PANOPTES
panoptes-d636a93f

HE/29

humaneval · code

This is one (task, candidate response) pair flowing through the full PANOPTES pipeline. Each section below is a stage of the analysis: the task itself, the candidate solution being evaluated, every judge's score + rationale, the sampling-pass dispersion that captures within-judge noise, and the uncertainty-quantification metrics computed on top.

mean score
1.000
inter-judge spread
0.000
judges polled
2
sampling draws
10
1. the task

The function signature + docstring presented to both the model under test and to every judge.

from typing import List


def filter_by_prefix(strings: List[str], prefix: str) -> List[str]:
    """ Filter an input list of strings only for ones that start with a given prefix.
    >>> filter_by_prefix([], 'a')
    []
    >>> filter_by_prefix(['abc', 'bcd', 'cde', 'array'], 'a')
    ['abc', 'array']
    """
2. the candidate response judged

The full solution every judge is grading. For these runs the candidate is the reference solution prepended with the task signature so it parses as a complete program.

from typing import List


def filter_by_prefix(strings: List[str], prefix: str) -> List[str]:
    """ Filter an input list of strings only for ones that start with a given prefix.
    >>> filter_by_prefix([], 'a')
    []
    >>> filter_by_prefix(['abc', 'bcd', 'cde', 'array'], 'a')
    ['abc', 'array']
    """
    return [x for x in strings if x.startswith(prefix)]
3a. point-pass scores (temperature 0)

One call per judge at temperature=0. This is the "best single guess" each judge has. Disagreement here is structural. The judges literally see this candidate differently.

claude-sonnet
1.000
$0.0071
gpt-4o-mini
1.000
$0.0002
3b. sampling-pass dispersion (temperature 1)
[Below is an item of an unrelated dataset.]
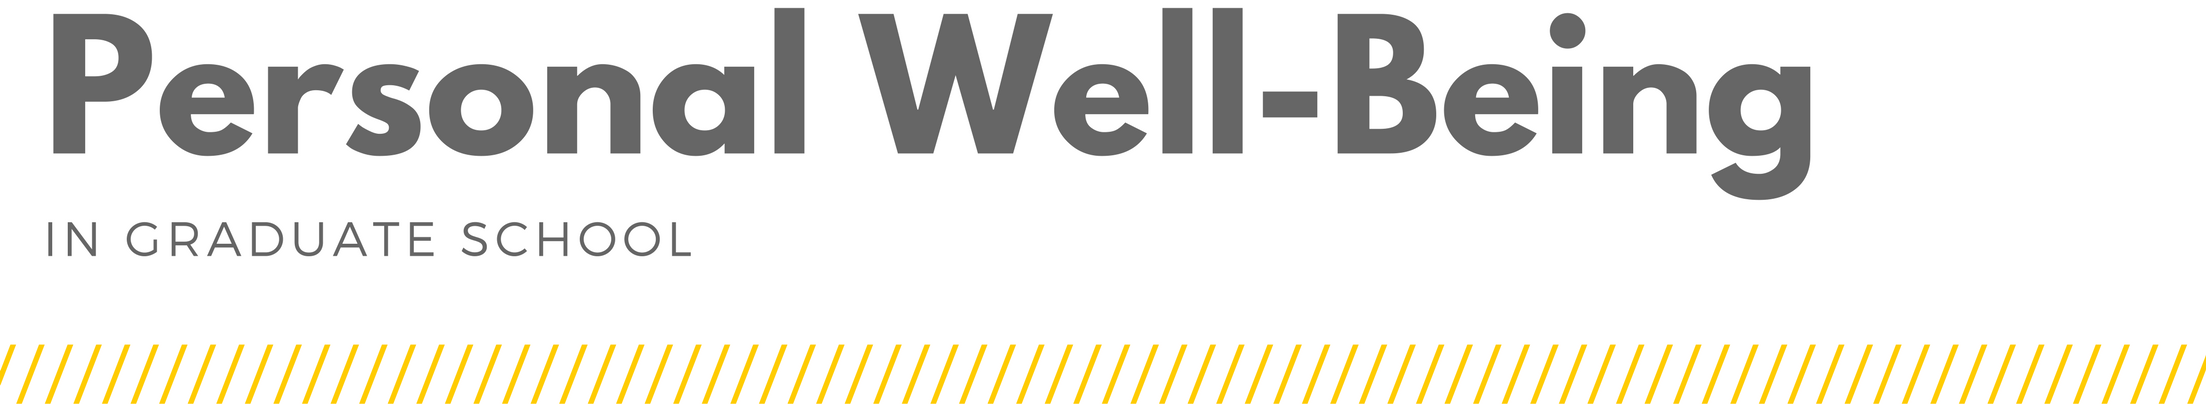 Personal Well-Being in Graduate School

n draws per judge at temperature=1. Dots are individual draws; vertical bar is the mean; shaded band is ±1σ. Wide band = the judge is uncertain even with itself; narrow band = it's consistent.

4. uncertainty quantification

Three statistical methods computed on top of the raw scores above. Each one tells you something different about how much to trust the headline number.

decomposition
aggregate (all judges)
Var = 0.00e+0
total predictive variance, 2 judges
aleatoric (irreducible)
0.00e+0
epistemic (reducible)
0.00e+0
self-consistency
gpt-4o-mini
1.000[1.000, 1.000]
posterior mean · 90% Bayesian-bootstrap CI
variance: 0.00e+0
n samples: 5
self-consistency
claude-sonnet
1.000[1.000, 1.000]
posterior mean · 90% Bayesian-bootstrap CI
variance: 0.00e+0
n samples: 5
semantic-entropy
gpt-4o-mini
H = 0.000/ log 51.609
1 semantic cluster via bidirectional NLI
entropy as fraction of max
cluster sizes
c1=5
semantic-entropy
claude-sonnet
H = 0.000/ log 51.609
1 semantic cluster via bidirectional NLI
entropy as fraction of max
cluster sizes
c1=5

How to read these: self-consistency = does the judge agree with itself when resampled? Narrower CI means more consistent. Semantic entropy = do the judge's rationales cluster into one meaning, or several? Higher entropy means the judge is internally conflicted about why. Decomposition = how much of the total variance comes from within-judge sampling noise (aleatoric, hard to fix) vs between-judge disagreement (epistemic, fixable by calling more judges).

5. judge rationales

The natural-language explanation each judge gave alongside its score. These are produced via tool-use structured output, so the score and the rationale are guaranteed to come from the same forward pass.

claude-sonnet
score 1.000 · 1780 tokens · 4869ms

The solution correctly implements the filter_by_prefix function using a list comprehension with Python's built-in `str.startswith()` method. It handles the empty list edge case (returns []), the canonical example correctly (['abc', 'array']), and would handle other edge cases like empty prefix (returns all strings), single-character prefix, or strings shorter than the prefix. The code is idiomatic, concise, and clear.

gpt-4o-mini
score 1.000 · 889 tokens · 3228ms

The candidate solution correctly implements the function to filter strings by the given prefix, passing both the provided examples and plausible edge cases, such as an empty input list. The code is idiomatic and clear, using a list comprehension effectively.